Jump to content

Page:Henry Gaylord Wilshire - Trusts and Imperialism (1901).djvu/15

From Wikisource
This page has been proofread, but needs to be validated.
TRUSTS AND IMPERIALISM
15

As for smaller industries there is a consensus of opinion in the business world that there are practically none promising good returns, and that the only ones that seem to be good are of a parasitic nature, which live like the mice in a granary, owing to their insignificance.

The channel which carries off the surplus wealth for the upbuilding of new industries we can imagine subdividing itself into a many-branched delta, each mouth furnishing the needed supply for each particular industry.

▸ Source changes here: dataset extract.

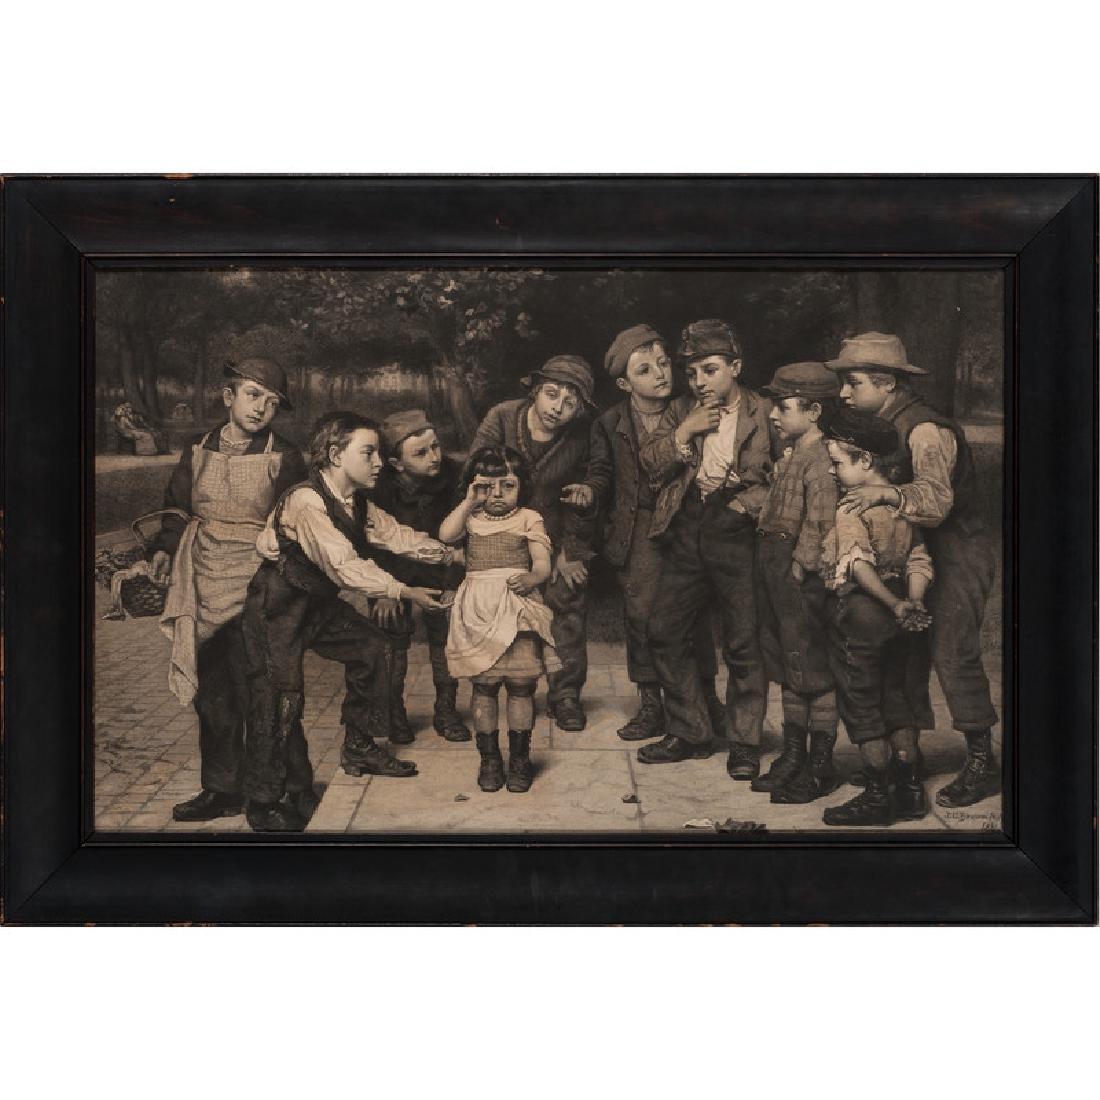 John George Brown Engraving, Little Girl Lost

Before there was an over-supply of capital in any one industry the capitalists controlling that particular branch of the delta flowing to their industry were using all efforts to widen and deepen their particular channel. When finally they had received all the capital they wished, and. they had formed their trust, the process was reversed. It was as if they had thrown a dam across the entrance of their delta and diverted their current back into the main stream to be distributed through the other mouths and into other industries.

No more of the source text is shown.